The report also recognizes another major hurdle if we are to improve the sanitation infrastructure: how to put enough people to work in the wastewater industry. As we know in the installing community, the industry is aging. Many of our best frontline workers are nearing retirement, and installers are constantly telling me they can’t find good workers to fill the ranks. Without well-trained and reliable crews, this important work will come to a standstill. 

Worker conditions are more dangerous in other countries, we know. 

“Many more sanitation workers are needed,” the report stated in a worldview that is mimicked here. “Yet sanitation workers, who are often poorly paid and stigmatized, are repeatedly exposed to health risks. Working conditions need to be progressively formalized to safeguard health and safety.”

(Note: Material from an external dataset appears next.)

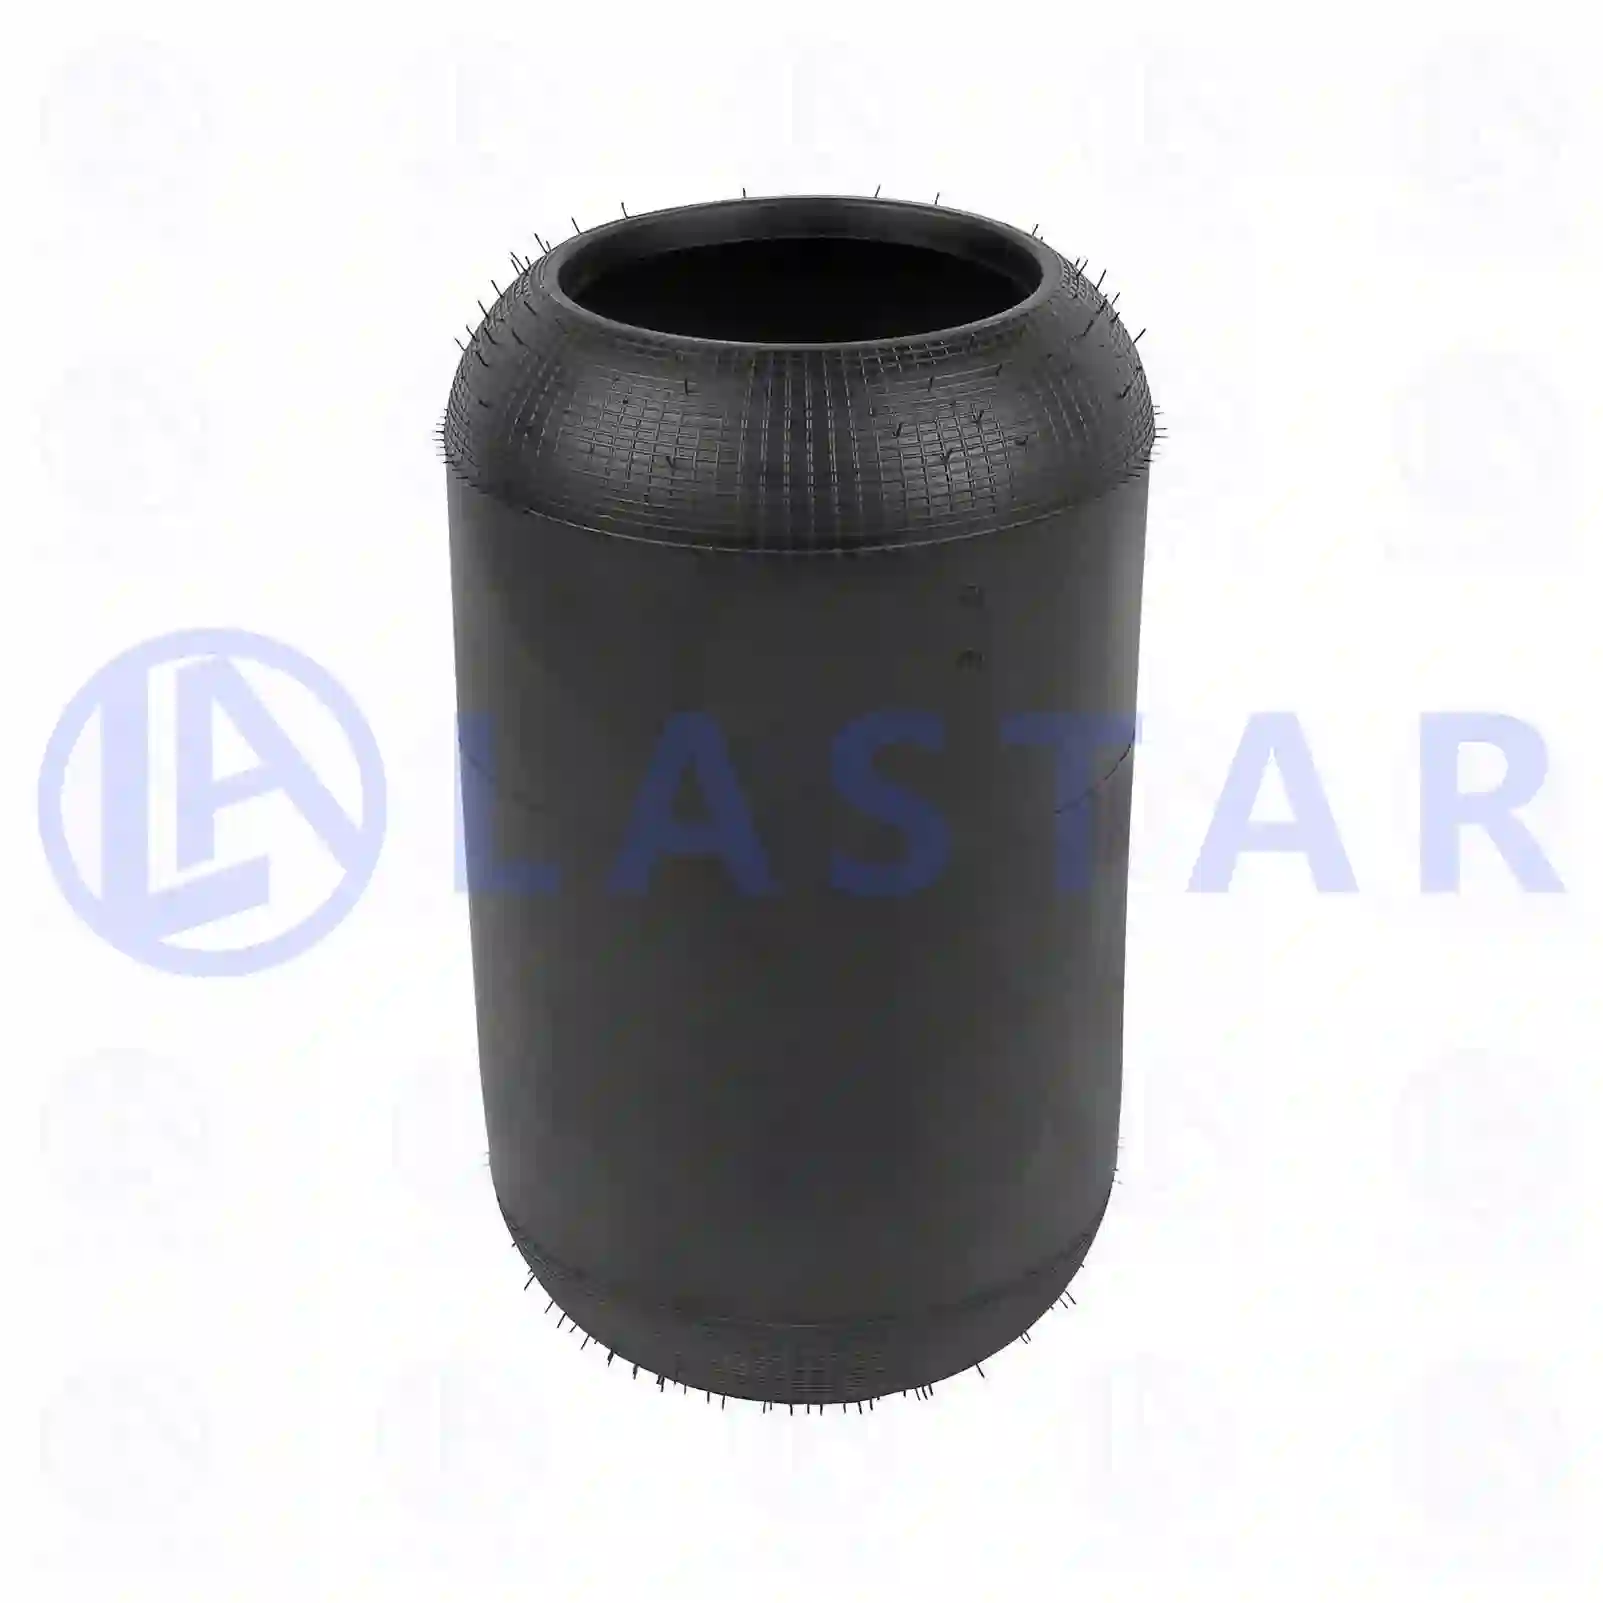 Air spring, without piston, 77729670, 70377054, ZG40820-0008, , ||  77729670 Lastar Spare Part | Truck Spare Parts, Auotomotive Spare Parts Air spring, without piston, 77729670, 70377054, ZG40820-0008, , ||  77729670 Lastar Spare Part | Truck Spare Parts, Auotomotive Spare Parts

We are better off in the U.S. and Canada, where worksite safety is mandated and wages and benefits for our crews are clearly better than in other parts of the world. But there is still much room for improvement. And one way to achieve those advances is through consumer education about the importance of properly functioning wastewater systems and placing a higher value on safe water supplies and a cleaner environment.

Helping at home

The report states that the “sanitation economy” represents a $62 billion market opportunity in one country alone, India, in 2021. “The sanitation economy can only thrive with development of a supportive regulatory environment that encourages initiative,” the report concludes. 

As to the report, I recall the old mantra of political activists: “Think globally, act locally.” 

We can do our part to improve the global outlook by working to fix problems right here at home. That means lobbying with our local, state and federal legislators for commonsense regulations that would lead to infrastructure improvements. It means encouraging health departments to approve new technologies to offer to your customers. And, most importantly, it means educating the public at every turn about the importance of septic system maintenance and upgrades.